2. Summary of Significant Accounting Policies

Principles of Consolidation

The consolidated financial statements include the accounts of the Company and its subsidiaries. Intercompany balances and transactions have been eliminated in consolidation.

Use of Estimates

The preparation of financial statements in conformity with accounting principles generally accepted in the United States of America (“GAAP”) requires management to make estimates and assumptions that affect the reported amounts of assets and liabilities, disclosure of contingent assets and liabilities at the date of the financial statements and reported amounts of revenue and expenses during the reporting period. These estimates are based on information available as of the date of the financial statements; therefore, actual results could differ from those estimates.

Revenue Recognition

The Company derives its revenue from two sources: Direct Marketing Services (“DMS”) and Direct Selling Services (“DSS”). DMS revenue, which constituted more than 99% in fiscal year 2012, 2011 and 2010, is derived from fees which are earned through the delivery of qualified leads, clicks and, to a lesser extent, display advertisements (“impressions”). The Company recognizes revenue when persuasive evidence of an arrangement exists, delivery has occurred, the fee is fixed or determinable and collectability is reasonably assured. Delivery is deemed to have occurred at the time a qualified lead, click or impression is delivered to the client provided that no significant obligations remain.
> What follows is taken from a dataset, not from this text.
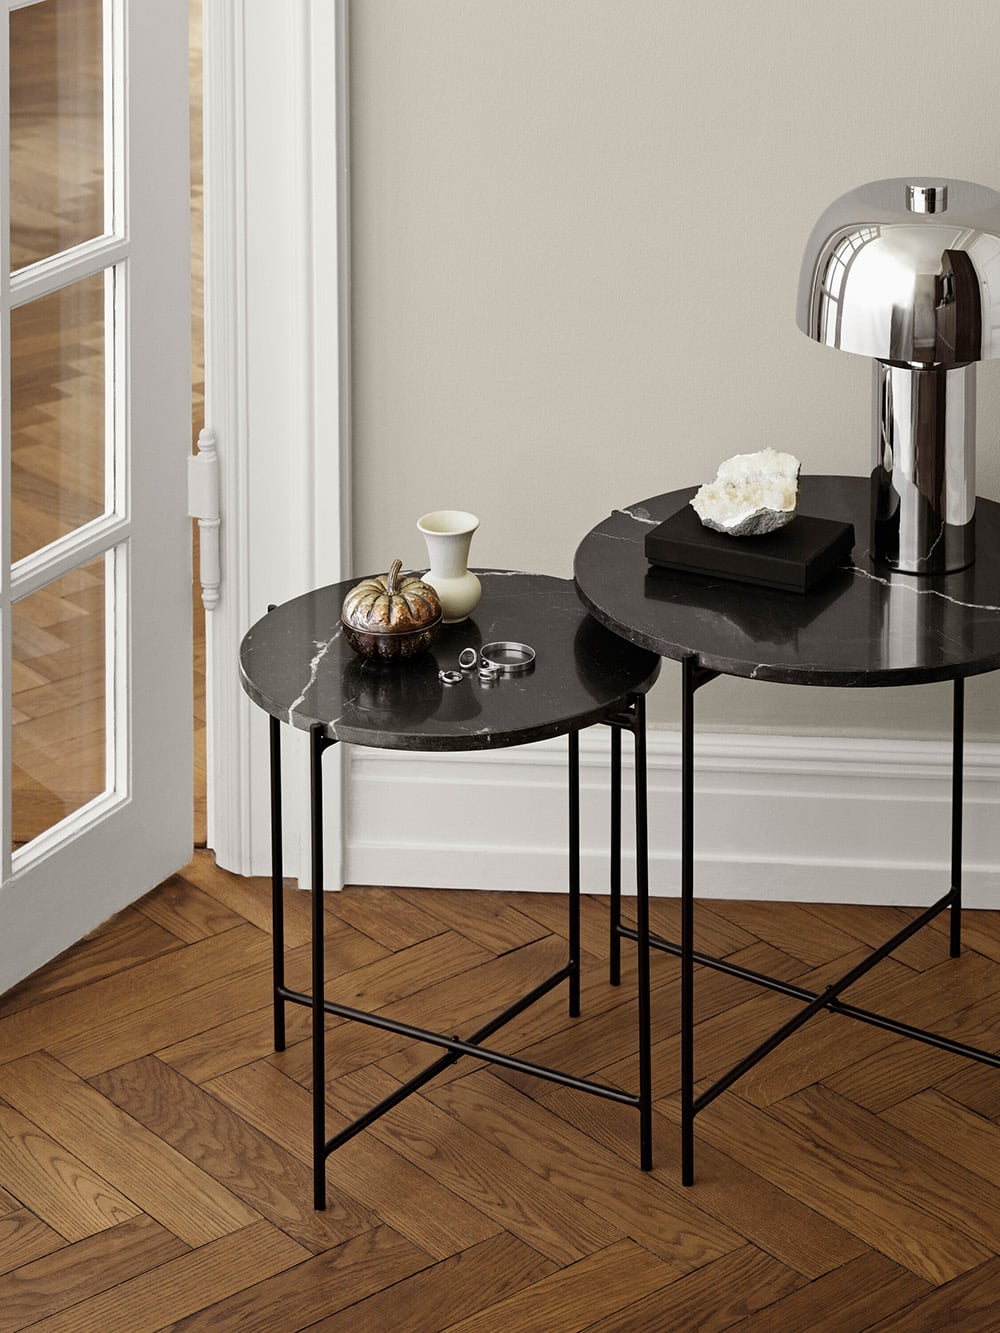 Décorateur d'intérieur en ligne Casa Daya présente un Jeu de 2 tables d'appoint avec plateau en marbre noir et lampe chromée design.
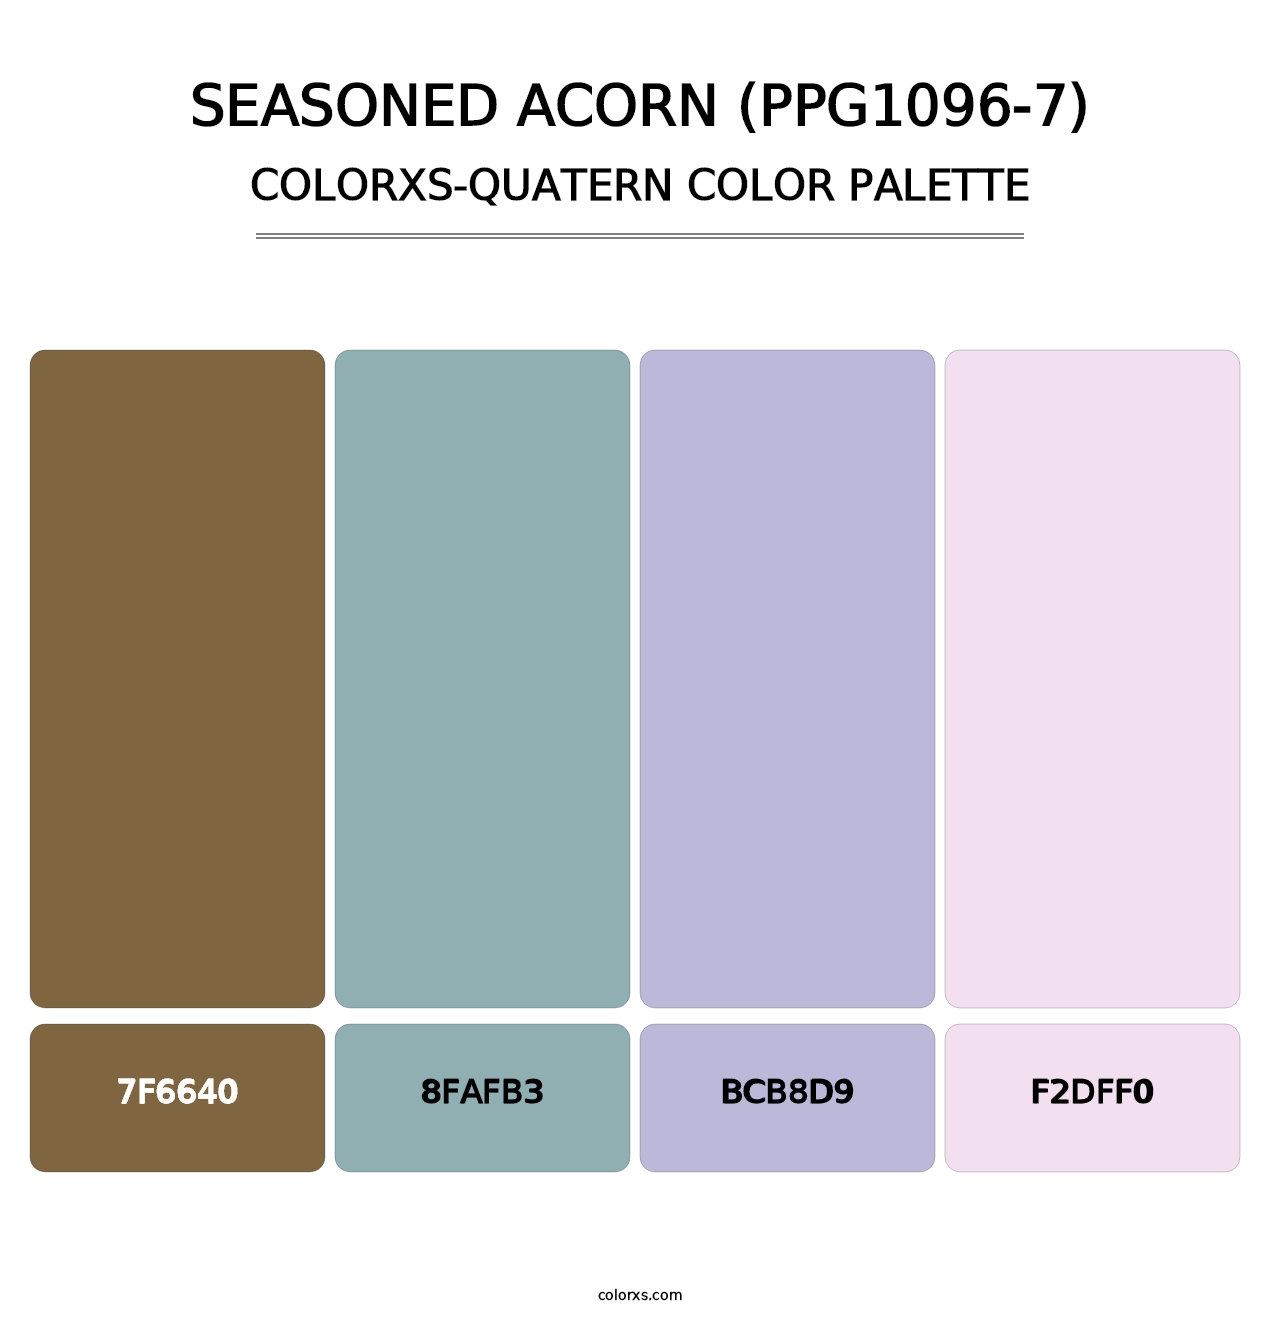 Seasoned Acorn (PPG1096-7) - Colorxs Quatern Palette

On July 1, 2010, as required under GAAP, the Company adopted the amended accounting standard for multiple deliverable revenue arrangements which provides guidance on whether multiple deliverables exist, how the deliverables in an arrangement should be separated, and how the consideration should be allocated. The adoption of this amended standard did not have a significant impact on the Company’s revenue recognition for multiple deliverable revenue arrangements.

The guidance requires an entity to allocate revenue in an arrangement using the estimated selling price (“ESP”) of deliverables if it does not have vendor-specific objective evidence (“VSOE”) of selling price based on historical stand-alone sales or third-party evidence (“TPE”) of selling price. Due to the unique nature of some of its multiple deliverable revenue arrangements, the Company may not be able to establish selling prices based on historical stand-alone sales or third party evidence, therefore the Company may use its best estimate to establish selling prices for these arrangements under the new standard. The Company establishes best estimates within a range of selling prices considering multiple factors including, but not limited to, class of client, size of transaction, available media inventory, pricing strategies and market conditions. The Company believes the use of the best estimate of selling price allows revenue recognition in a manner consistent with the underlying economics of the transaction.

 

From time to time, the Company may agree to credit a client for certain leads, clicks or impressions if they fail to meet the contractual or other guidelines of a particular client. The Company has established a sales reserve based on historical experience. To date, such credits have been immaterial and within management’s expectations.

For a portion of its revenue, the Company has agreements with providers of online media or traffic (“Publishers”) used in the generation of leads and clicks. The Company receives a fee from its clients and pays a fee to Publishers as a portion of revenue generated or on a cost per lead, cost per click or cost per thousand impressions basis. The Company is the primary obligor in the transaction. As a result, the fees paid by the Company’s clients are recognized as revenue and the fees paid to its Publishers are included in cost of revenue.

DSS revenue, which constituted less than 1% in fiscal year 2012, 2011 and 2010, comprises (i) set-up and professional services fees and (ii) usage fees. Set-up and professional service fees that do not provide stand-alone value to a client are recognized over the contractual term of the agreement or the expected client relationship period, whichever is longer, effective when the application reaches the “go-live” date. The Company defines the “go-live” date as the date when the application enters into a production environment or all essential functionalities have been delivered. Usage fees are recognized on a monthly basis as earned.

Deferred revenue is comprised of contractual billings in excess of recognized revenue and payments received in advance of revenue recognition.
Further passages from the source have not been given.